Вскочила. Вытянулась в струну. Руки на плечо вскинула.
— Не пущу. Куда же? Ведь я ждала вас. Все дни искала. Теперь не пущу…
Не кончила. Прыснула.
— Ой, ой. У вас такое лицо было. Если бы вы знали. — Потом опять серьезно:
— Теперь вы должны меня доставить до дому. Я в самом деле боюсь.
Быстро поднялись на угор вверх и пошли.
Ловко двигалась стройная фигурка. Ноги ступали так, как если бы каждая пядь земли была ее извечной собственностью. Джега неловко плелся сбоку, задевая за все, что только возвышалось от земли хотя бы на полсантиметра. Она говорила спокойно, свободно. Он молчал. Если говорил — путался и околесил.
На повороте к бульвару навстречу — тихая песня и крепкие неторопливые шаги. Это Петька Чубаров в пяти шагах пронес неукротимо веселую свою тушу. Джега в первый раз обрадовался темноте.
Прощаясь у ворот, Юлочка положила к нему на ладонь свою узкую, тонкую руку и, не отнимая ее, заглянула неожиданно в глаза:
— Ну, спасибо за проводы. И не сердитесь на меня, пожалуйста. Дайте слово, что не будете злиться. Ну… — голос мягкий, как рука в его ладони, и чуть заметно вздрагивает.
— Ну, будемте друзьями, Курдаши? Да?
Сжал руку. Бросил, торопясь уйти. Добрел до дому.
Ввалился в темную комнату. Скинул на пол смаху портфель. Постоял в тяжелом, мучительном раздумье:
— Кажись, нет…
— Кажись, да…
IVС утра небо в золоте. С утра улицы в кумаче и в песнях. Черные змеи ползут по узким улицам от окраин к центру, размахивая длинными языками знамен. На площади красным островком шаткая трибунка.
— Товарищи…
— Тише…
— Тов-а-а-рищи…
— Тише-е…
Джега вцепился руками в кумачовый барьер. Рокот прокатился от трибуны к рваным краям площади и там, шурша, замер. Тогда в третий раз бросил Джега крепкое, хлесткое:
— Товарищи…
И пачками в молчаливую толпу — туго завязанные узлы слов. Живыми, кровоточащими кусками бросал их вниз.

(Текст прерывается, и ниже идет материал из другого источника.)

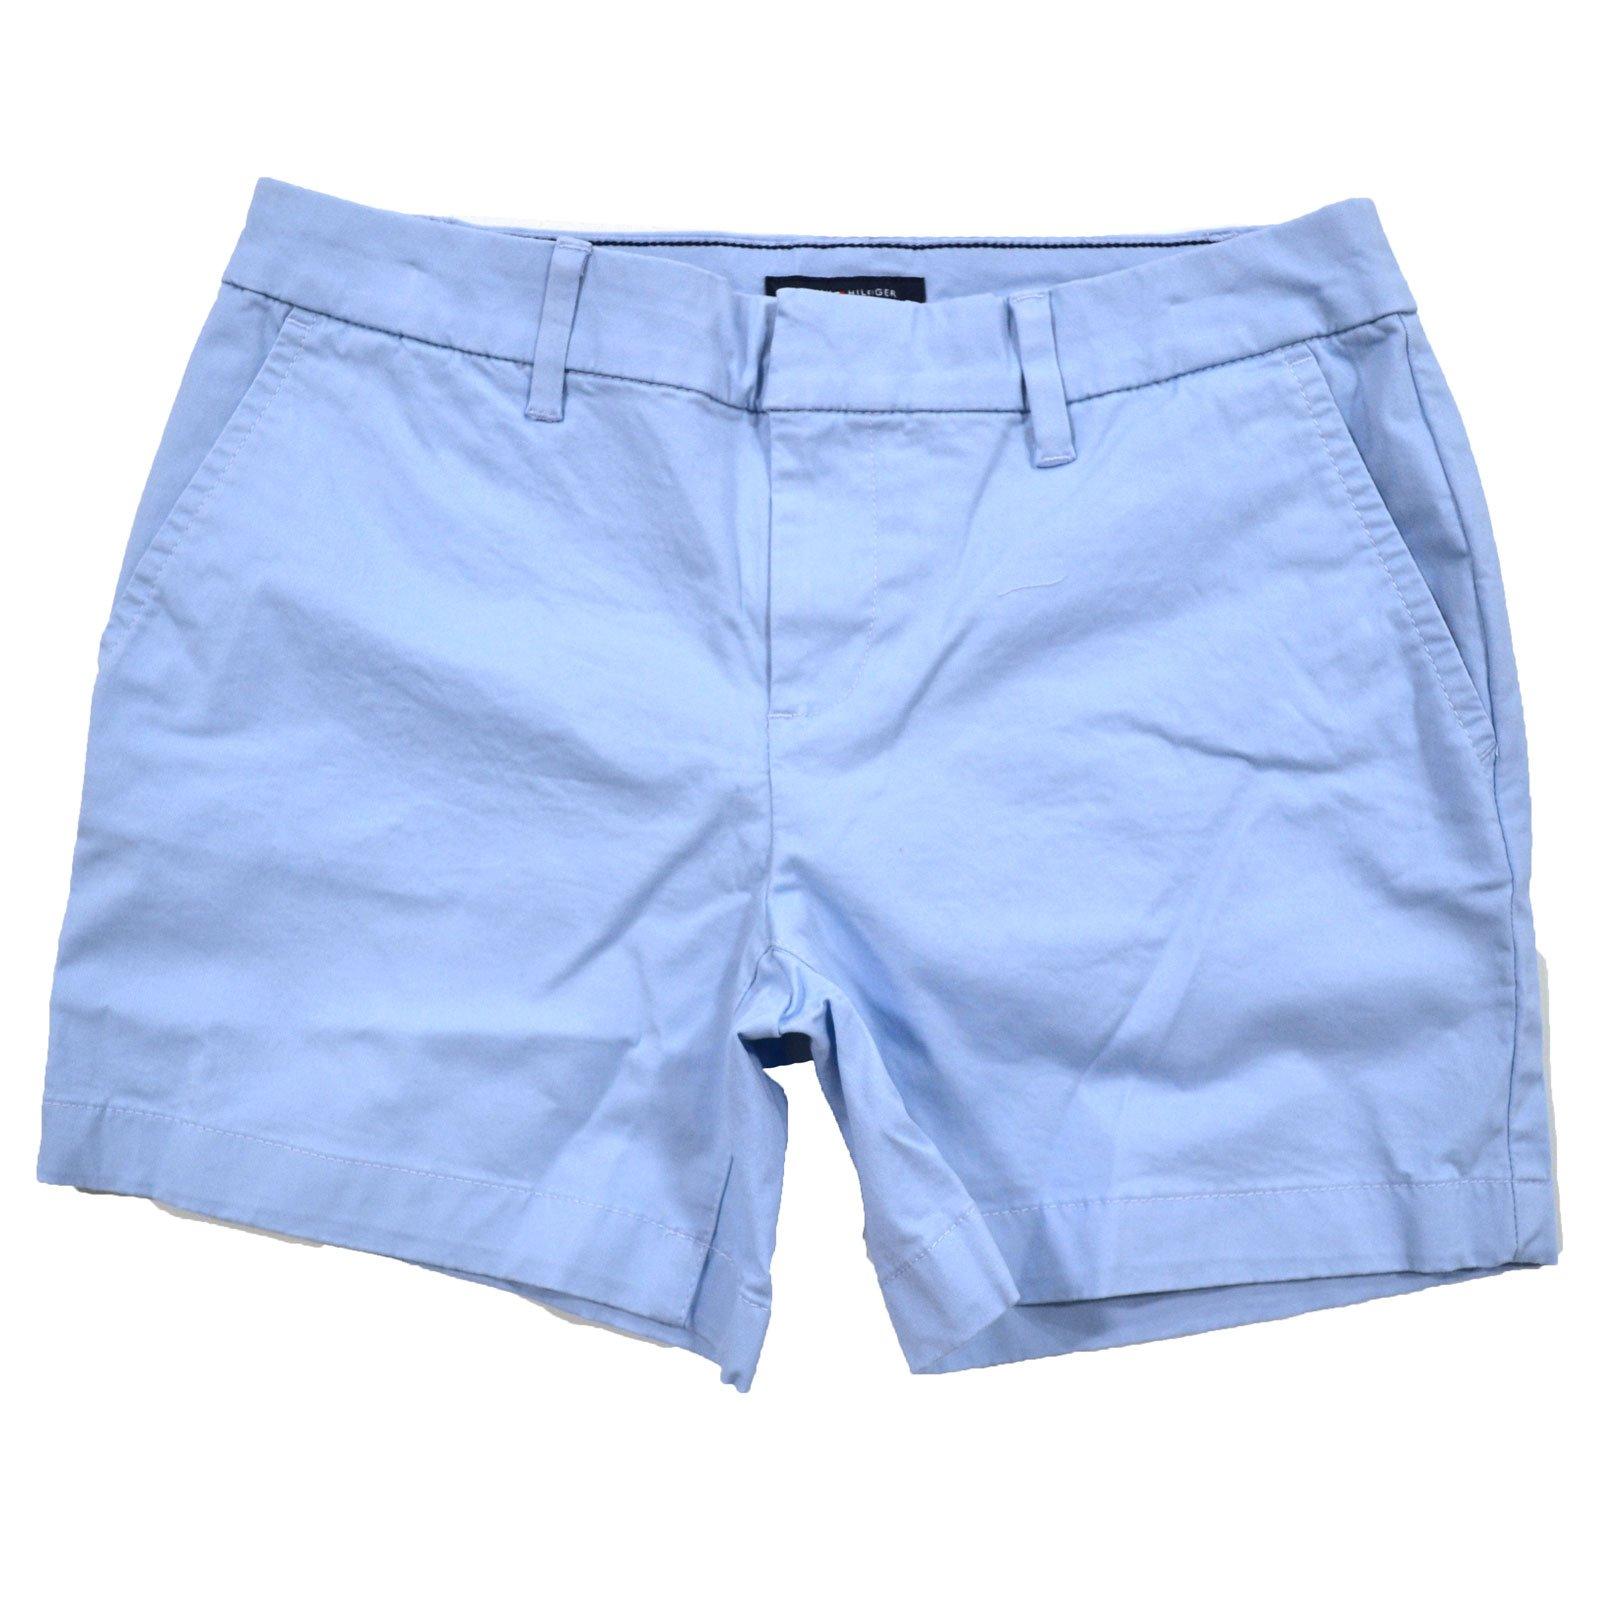 Tommy Hilfiger Womens Hollywood Shorts (14, Blue)

— Нас генералы крыли, нас голод крыл, нас тиф крыл. А мы на зло и голоду, и тифу, и всем золотожильным мясомордым заграницам выбили-таки свое кровное. Мы их, товарищи, всех покрыли.
Буря на площади. Медь оркестра грохнула «Интернационал». Едва слышимый сперва, он быстро окреп, вырвался из плена немолчных криков, подмял их под себя и накрыл всю площадь.
Стоя на шатких дощечках трибуны, приметил Джега на краю слева тоненькую фигурку Юлочки, но пробежал глазами мимо, не останавливаясь. Растворился в багровых волнах «Интернационала», и не было ни для чего другого места.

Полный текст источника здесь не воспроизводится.